* _DIRECTIONS_
Copy out the data that comes next, character for character, and leave the images aside.

* _DATASET CONTENT_
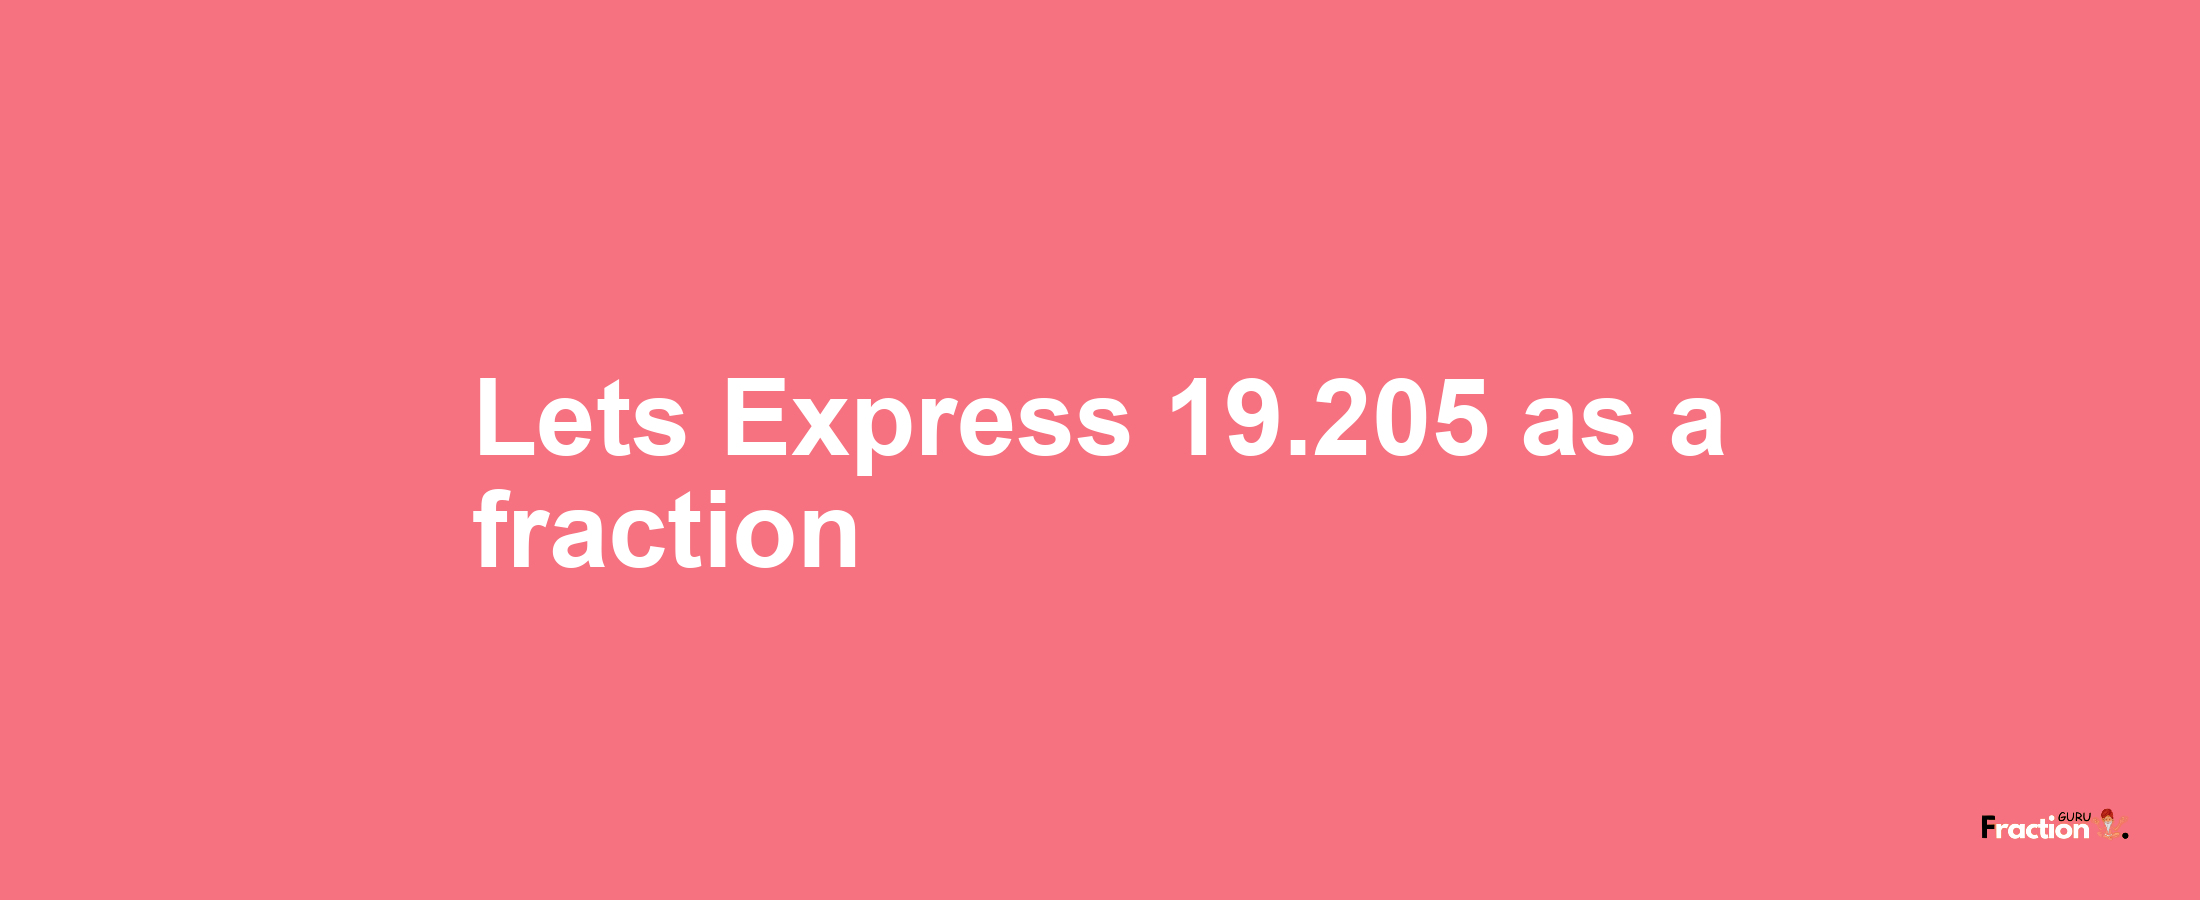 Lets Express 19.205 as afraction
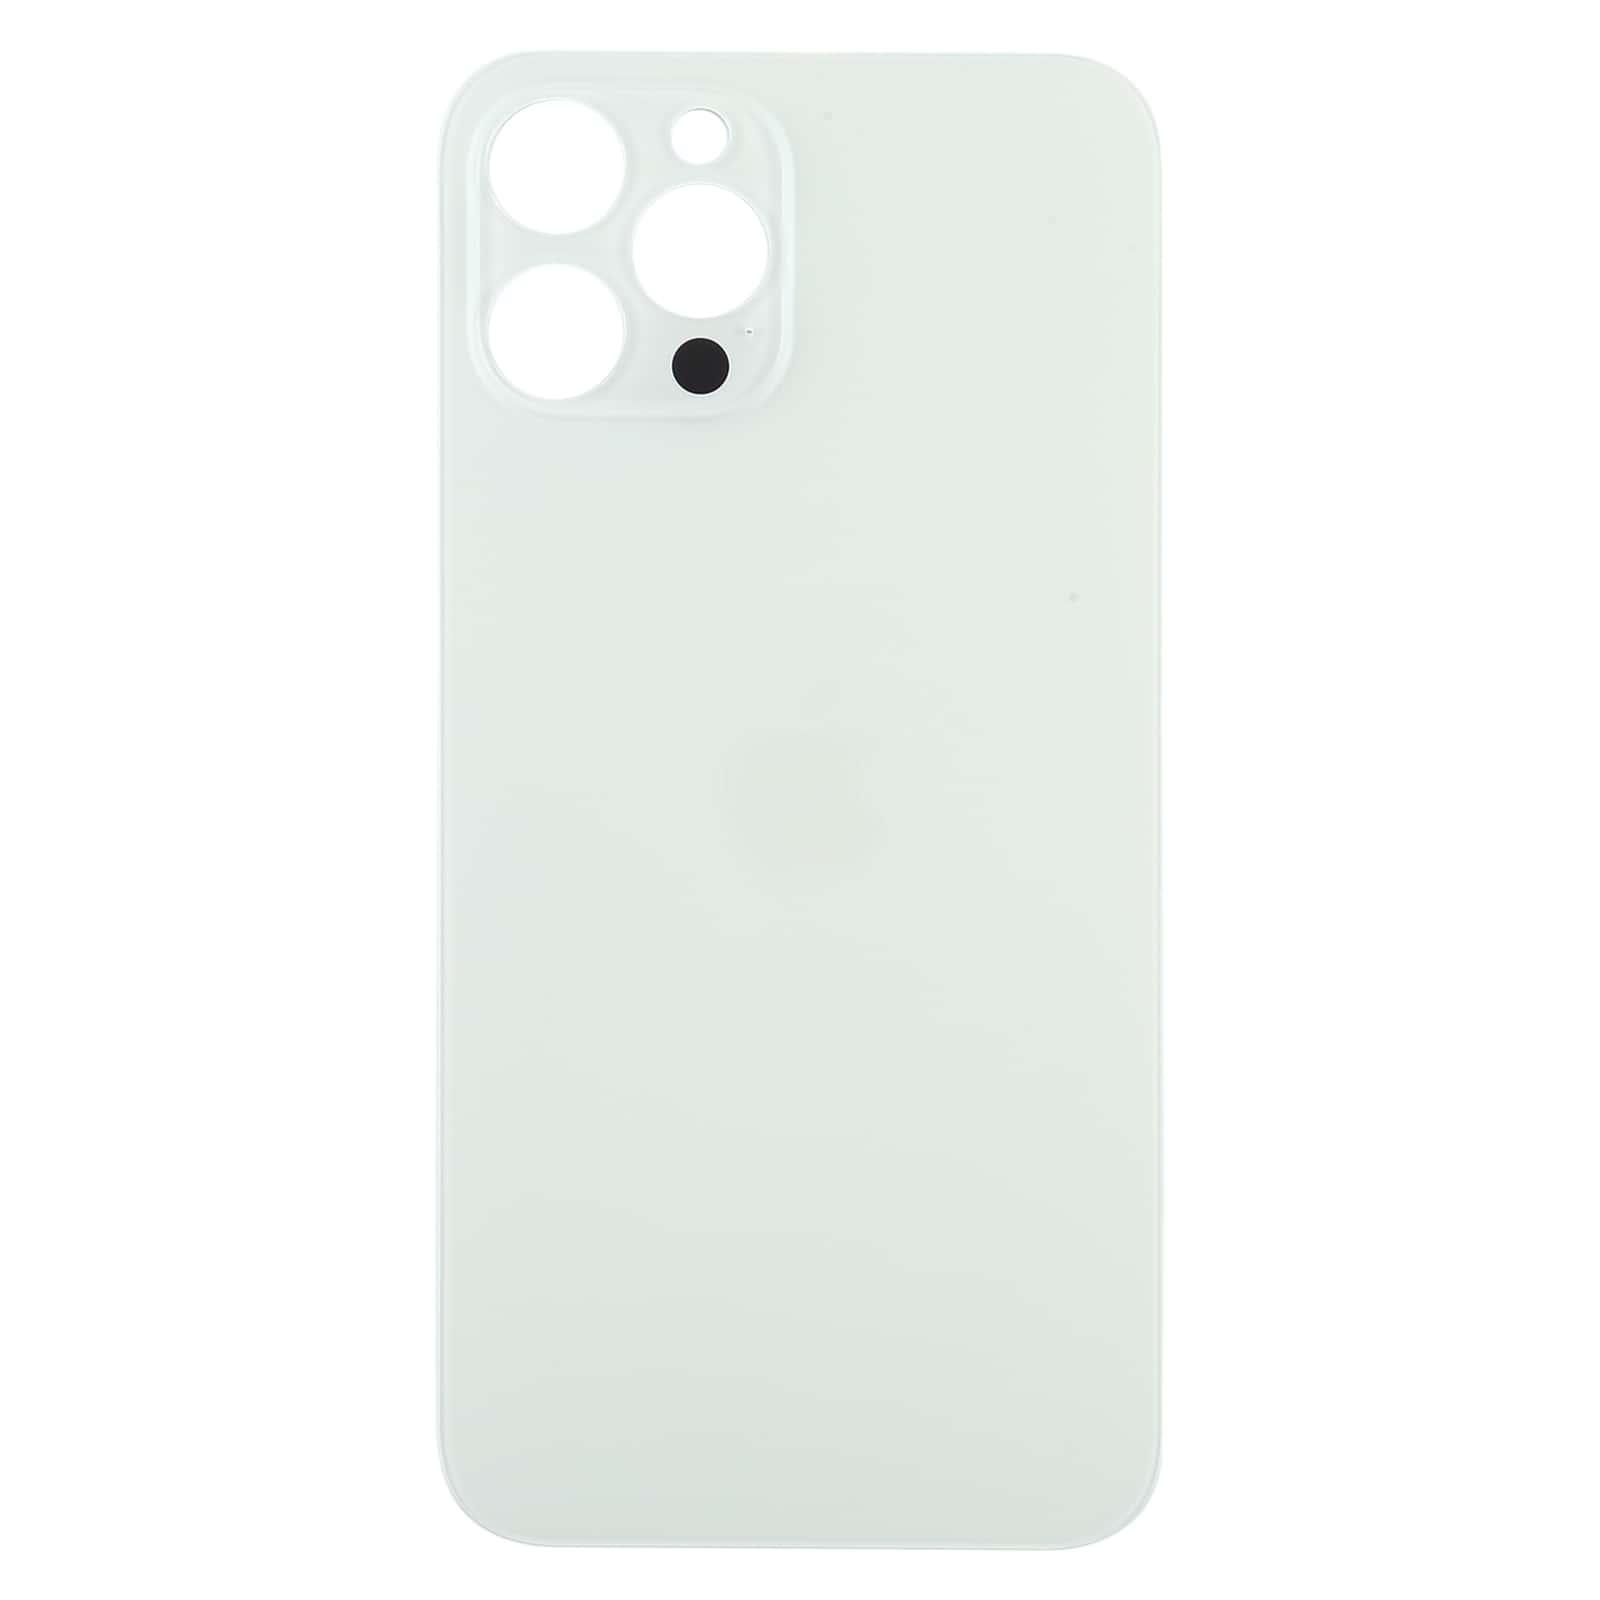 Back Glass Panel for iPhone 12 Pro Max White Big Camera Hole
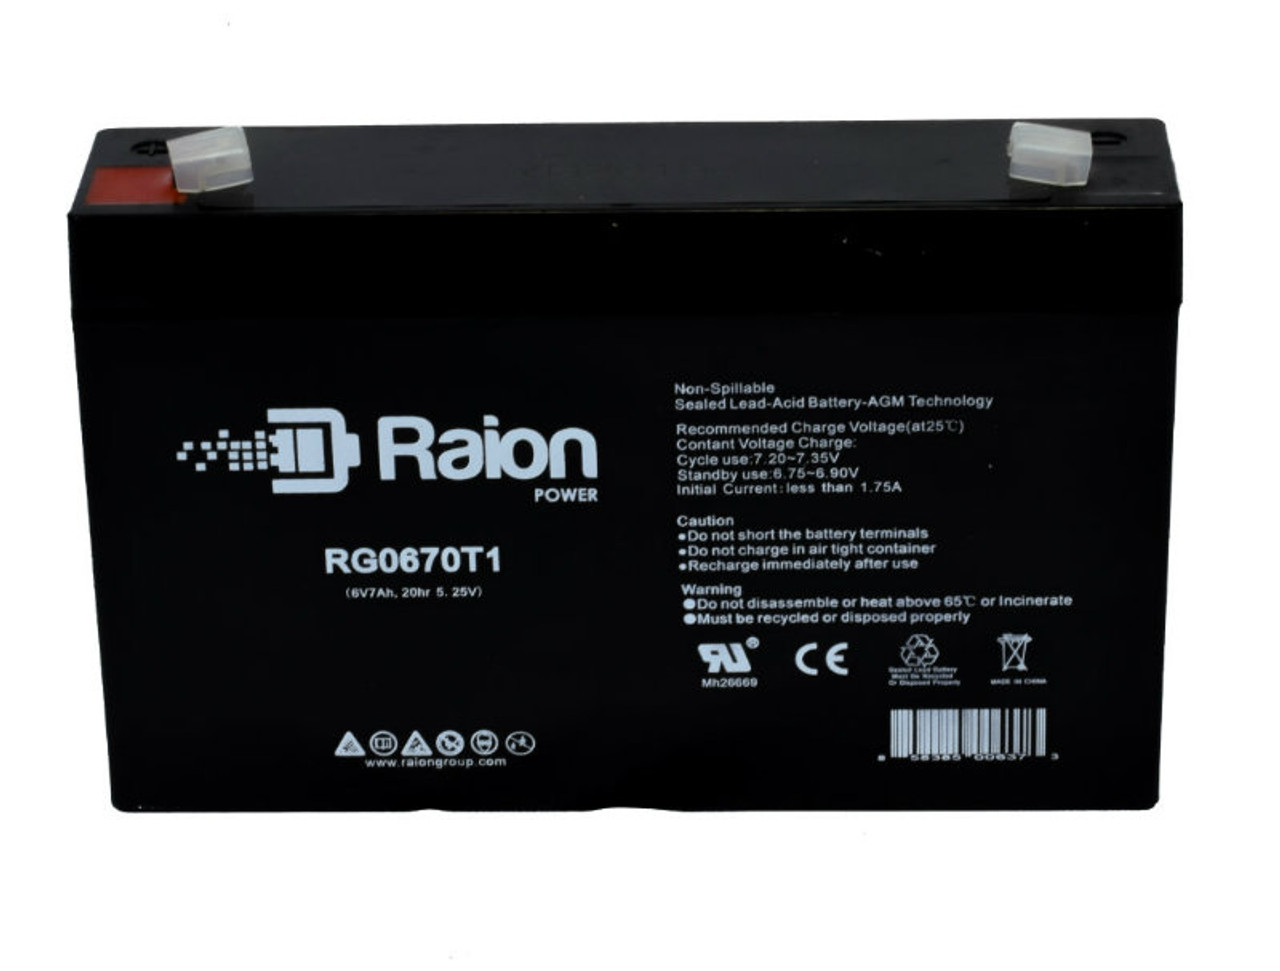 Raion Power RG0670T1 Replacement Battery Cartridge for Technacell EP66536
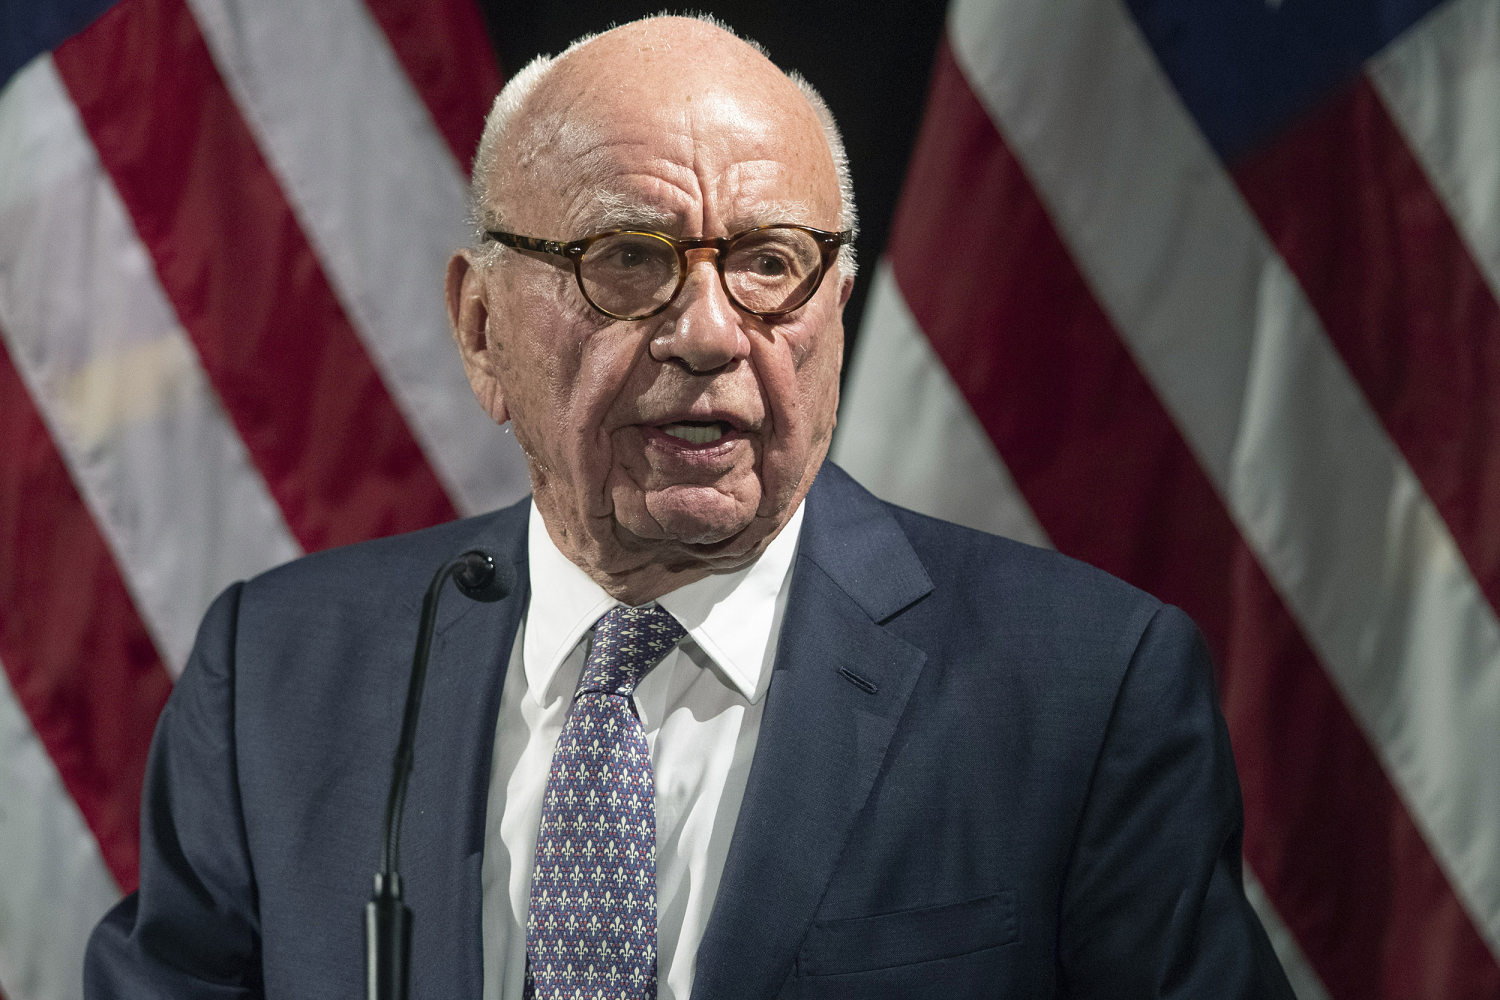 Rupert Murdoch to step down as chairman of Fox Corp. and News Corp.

* _FINISHED EXERCISE_
 Lets Express 19.205 as afraction
 Back Glass Panel for iPhone 12 Pro Max White Big Camera Hole
 Raion Power RG0670T1 Replacement Battery Cartridge for Technacell EP66536
 Rupert Murdoch to step down as chairman of Fox Corp. and News Corp.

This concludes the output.